A REIT works by pooling money from multiple investors to purchase, manage, and operate income-producing real estate properties. These properties generate revenue through rent, property appreciation, and strategic development. By law, REITs must distribute at least 90% of their taxable income to shareholders, making them potential sources of regular income. Your investment is spread across several properties, reducing the risk compared to owning a single property. The REIT's professional management team handles all property maintenance, tenant relations, and investment decisions, allowing you to invest in real estate without property management responsibilities.
How to invest in REITs?
To invest in REITs, first assess your investment goals (income vs. growth) and determine your budget. Research different REIT sectors (residential, commercial, healthcare, retail, data centers, self-storage) to find those that align with your investment strategy. Evaluate potential REITs by examining key metrics like Funds from Operations (FFO), Adjusted Funds from Operations (AFFO), dividend yield, payout ratio, and debt ratio. You can purchase publicly traded REITs through the ASX, online brokerages, or financial advisors. Consider starting with a diversified REIT ETF if you're new to REIT investing. For greater diversification, build a portfolio across multiple REITs representing different property sectors and geographic regions.
Where to buy Real Estate Investment Trusts?

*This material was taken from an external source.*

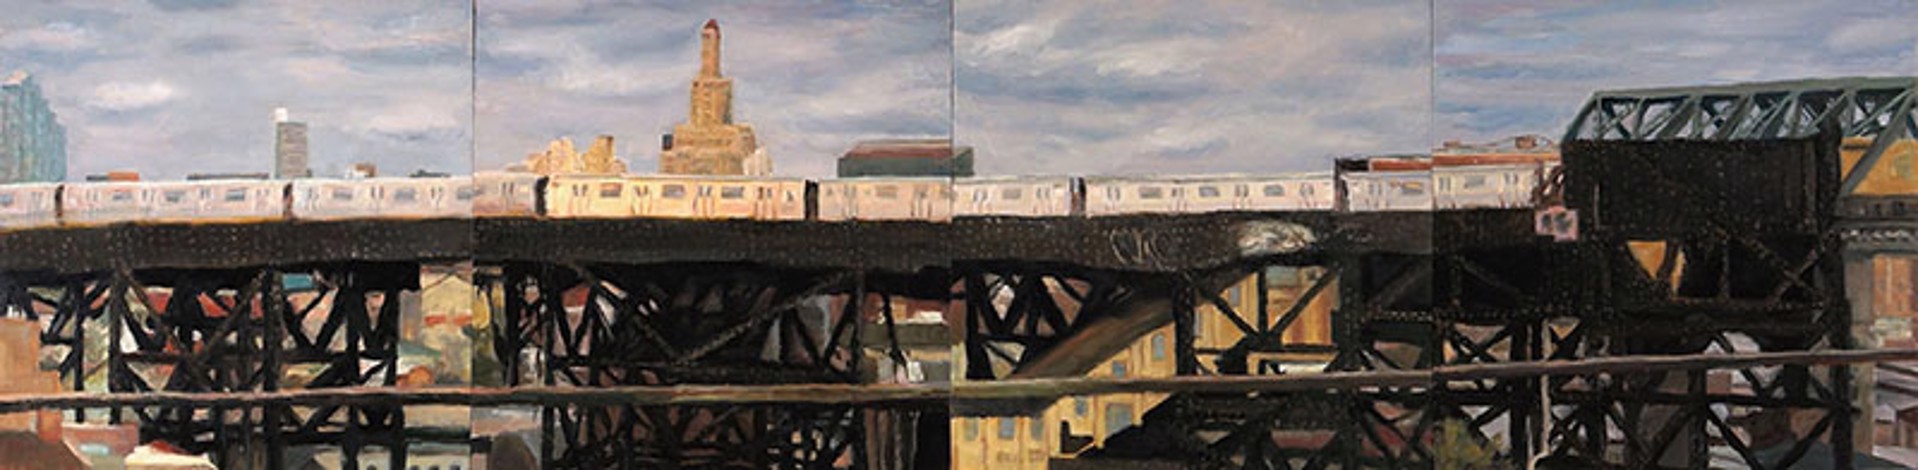 Over Gowanus by Patty Neal

You can buy publicly traded REITs on the Australian Securities Exchange (ASX) through online brokerages and trading platforms like CommSec, NAB Trade, or SelfWealth. Financial advisors and wealth management services can also help you purchase both listed and non-listed REITs. Another option is to invest in REITs through mutual funds and Property Exchange-Traded Funds (ETFs), which typically hold multiple REITs alongside other real estate assets, providing more diversification and stability than investing in a single REIT. Some popular platforms offer regular investment plans that allow you to invest small amounts periodically, helping you build your REIT portfolio over time.

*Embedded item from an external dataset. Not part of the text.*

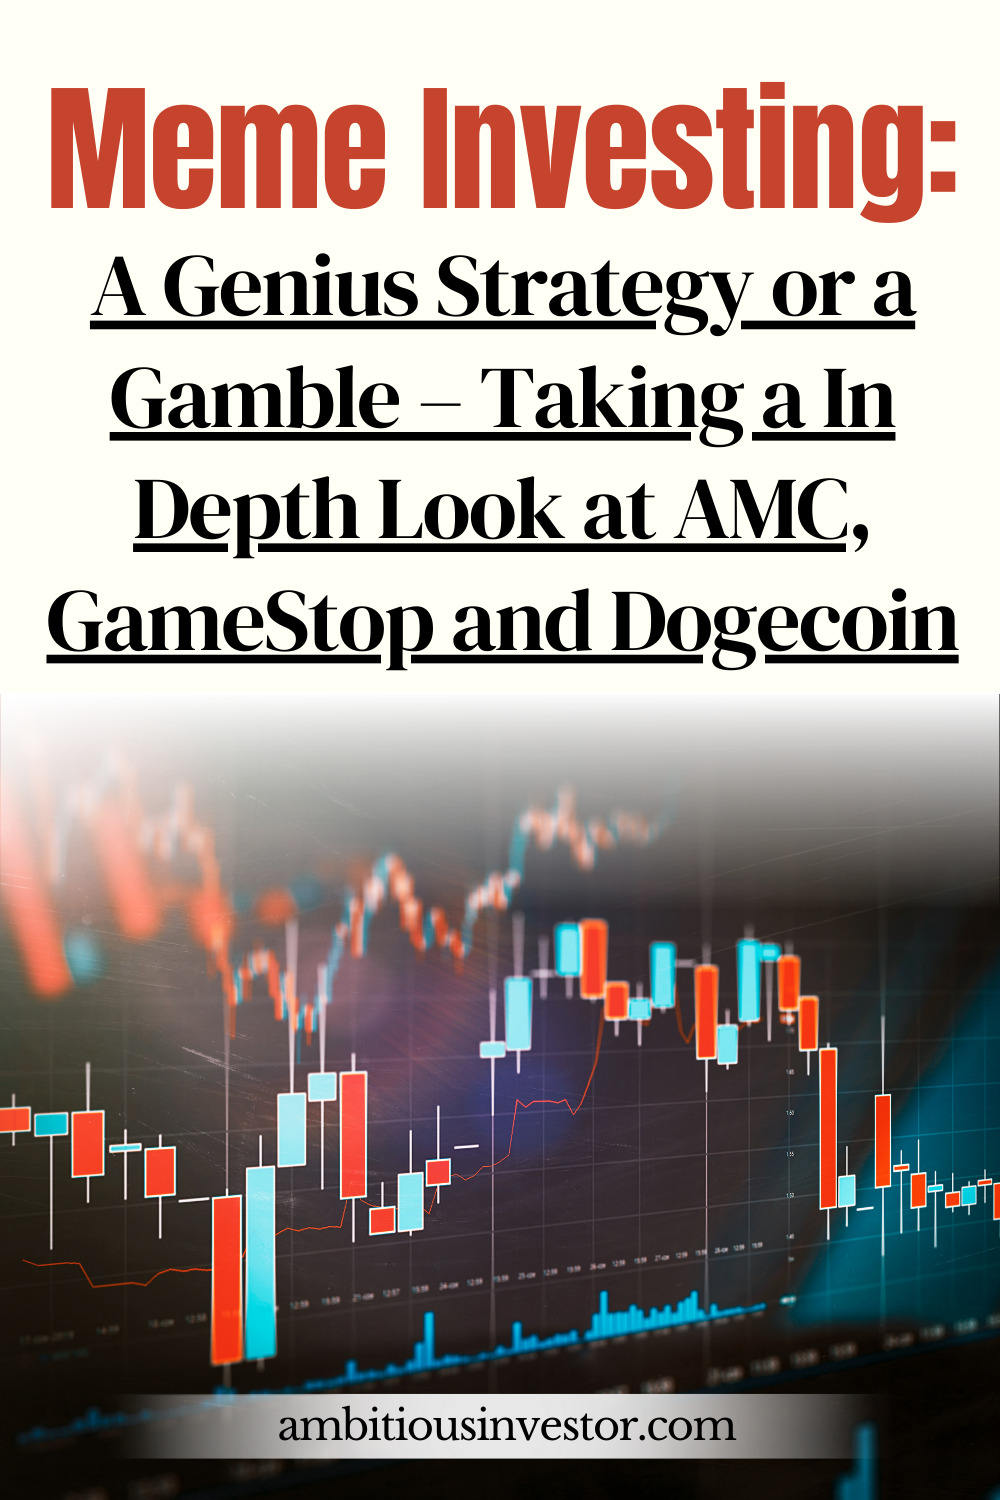 Meme Investing: A Genius Strategy or a Gamble – Taking a In Depth Look at AMC, GameStop and Dogecoin

How to start a REIT in Australia?
Starting your own REIT in Australia requires establishing a Managed Investment Scheme (MIS) under the Corporations Act 2001 and registering with ASIC. You'll need significant upfront capital from private investors, institutional backers, or an IPO. A Responsible Entity (RE) must be established to manage the REIT. Your REIT must comply with ASX listing rules, ASIC regulations, financial reporting standards, and ATO requirements to qualify for tax transparency. Given this complexity, you'll need professional guidance from legal experts, accountants, property valuation experts, fund managers, and financial consultants. Consider partnering with established property professionals who understand the market and can help identify profitable investment opportunities.